Add fitted density from a distribution

# fit a lognormal distribution
library(MASS)
fit_params <- fitdistr(prices_monthly$AdjustedPrice,"lognormal")
fit_params$estimate

ggplot(prices_monthly, aes(x=AdjustedPrice)) +
    geom_histogram(bins=40,
                   aes(y=..density..),
                   fill="#BDBCBC", color="black") +
    stat_function(fun=dlnorm, 
                  args=list(meanlog = fit_params$estimate['meanlog'], 
                            sdlog = fit_params$estimate['sdlog']),
                  colour = "red"
                  ) +
    scale_x_continuous(limits=c(0, 170))

Histogram of a vector

dice_results <- c(1,3,2,4,5,6,5,3,2,1,6,2,6,5,6,4)
ggplot(aes(x=dice_results)) + geom_bar()

This returns an error: data must be a data.frame.

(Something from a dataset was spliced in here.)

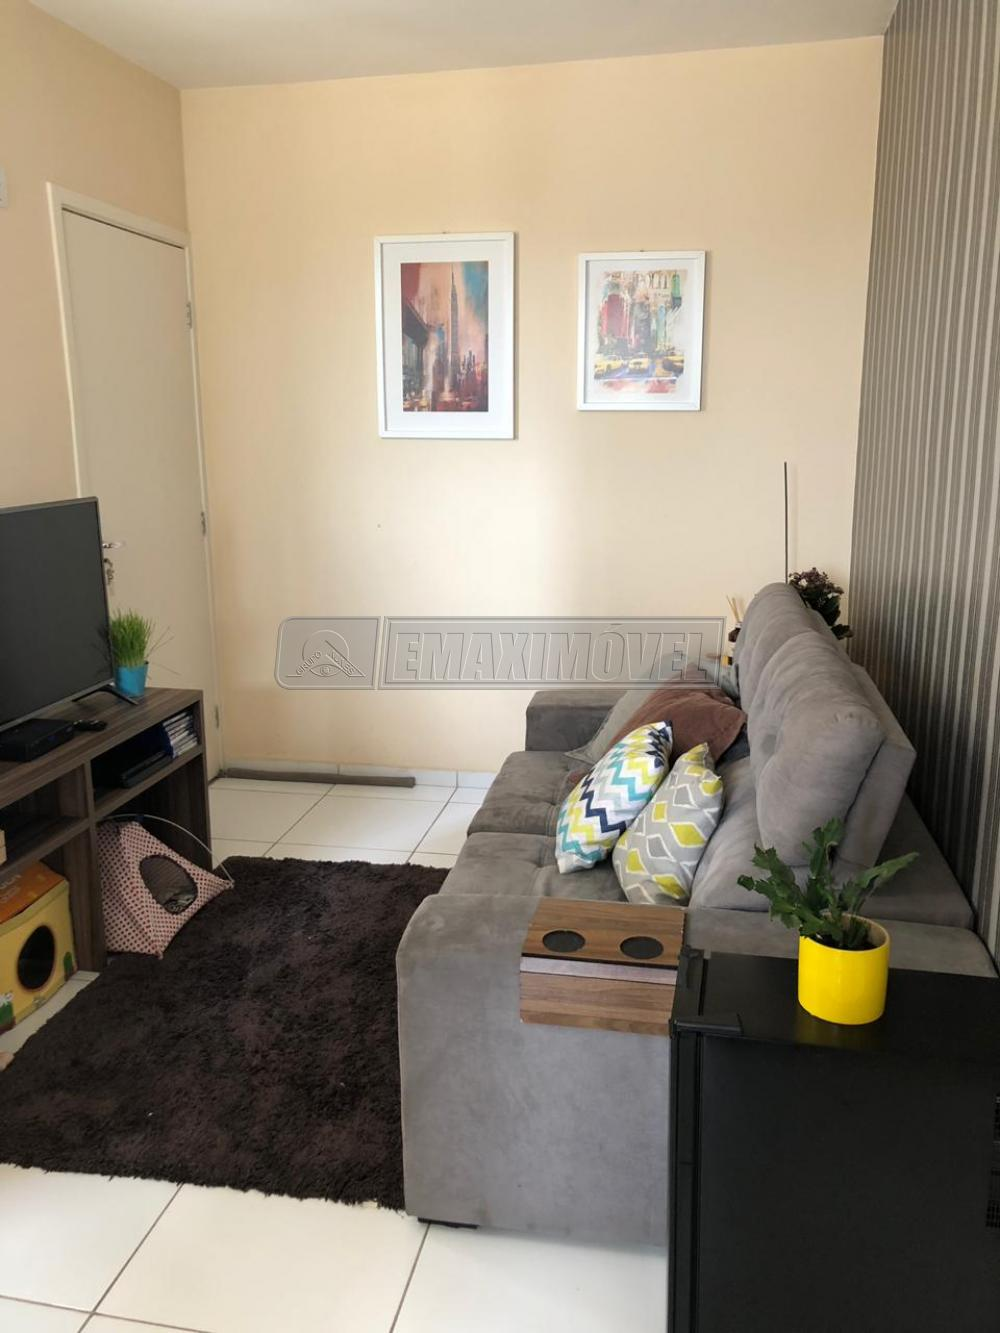 Alugar Apartamentos / Apto Padrão em Sorocaba apenas R$ 820,00 - Foto 2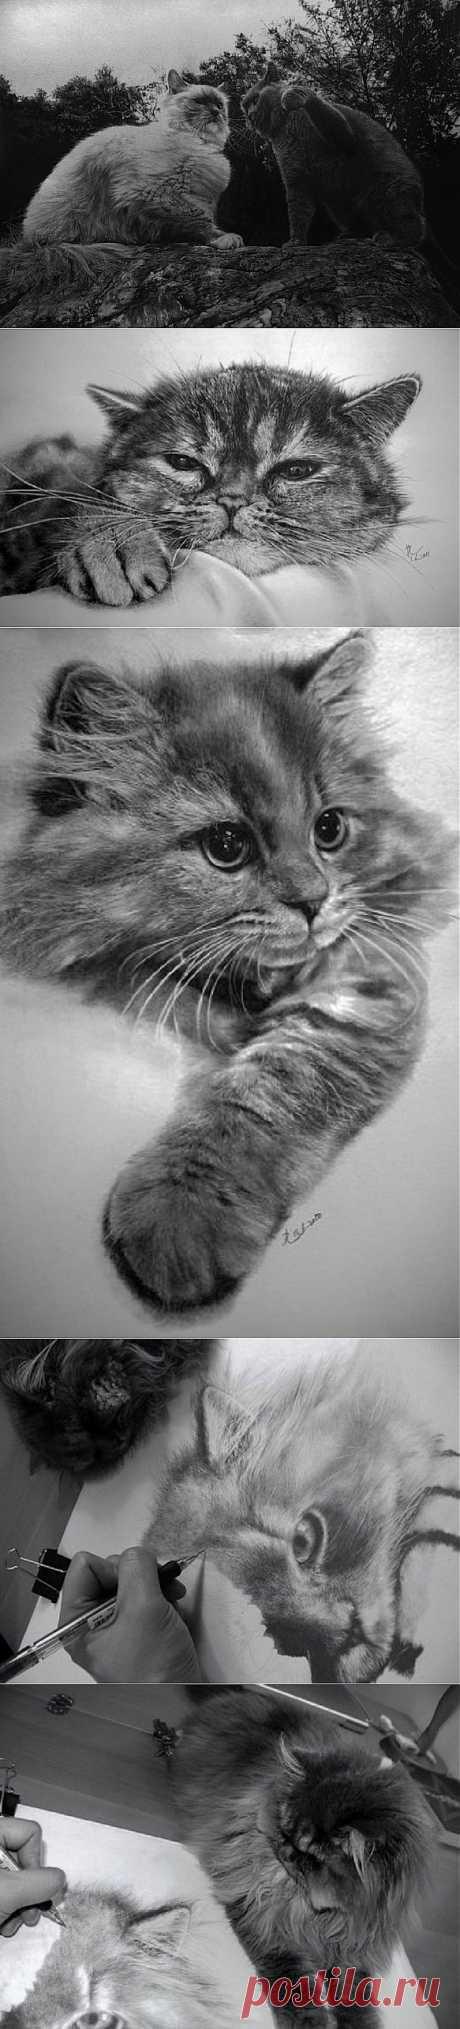 """""""Я рисую портрет кота..."""" . Paul Lung - 37-летний художник из Гонг-Конга, начал рисовать в 2004, изучив множество литературы и форумов в Интернете, посвященных реалистичному рисованию карандашом.  Главные его музы - 4 кошки, живущие у него дома; он фотографирует их и затем делает рисунки с этих фото.   Любовь к этим пушистым и игривым зверькам отображается и оживает на листе бумаги, когда автор, беря в руки карандаш, старательно вырисовывает милые мордашки котиков."""

If you don’t provide argument name explicitly, sequential rule is used – data arg is used for aes(x=dice_results).

To correct it – use arg name explicitly:

ggplot(mapping = aes(x=dice_results)) + geom_bar()

Alternatively, you may use it inside geom_ functions familiy without explicit naming mapping argument since mapping is the first argument unlike in ggplot function case where data is the first function argument.

ggplot() + geom_bar(aes(dice_results))
# or use the `aes` function
ggplot() + 
        aes(dice_results) +
        geom_bar()

Vertical histogram

https://stackoverflow.com/a/13334294/10108921

geom_bar and geom_col plots bar charts.

  • geom_bar makes the height of the bar proportional to the number of cases in each group.
  • geom_col the heights of the bars to represent values in the data

geom_ribbon(data=sim_obs_quantile, aes(ymin=`17%`, ymax=`83%`), alpha=0.2, fill="#F8766D") plot confidence interval (CI) in shaded areas.

geom_segment(aes(x = x1, y = y1, xend = x2, yend = y2), col = "red", arrow = arrow(length = unit(0.3, "cm")) draws a straight line between points (x, y) and (xend, yend) in the plot.

  • arrow specification for arrow heads, as created by grid::arrow().

annotate("segment", x=12, y=-0.05, xend=12, yend=0, col="red", arrow=arrow(length=unit(0.3, "cm"))) draw arrows outside the plot.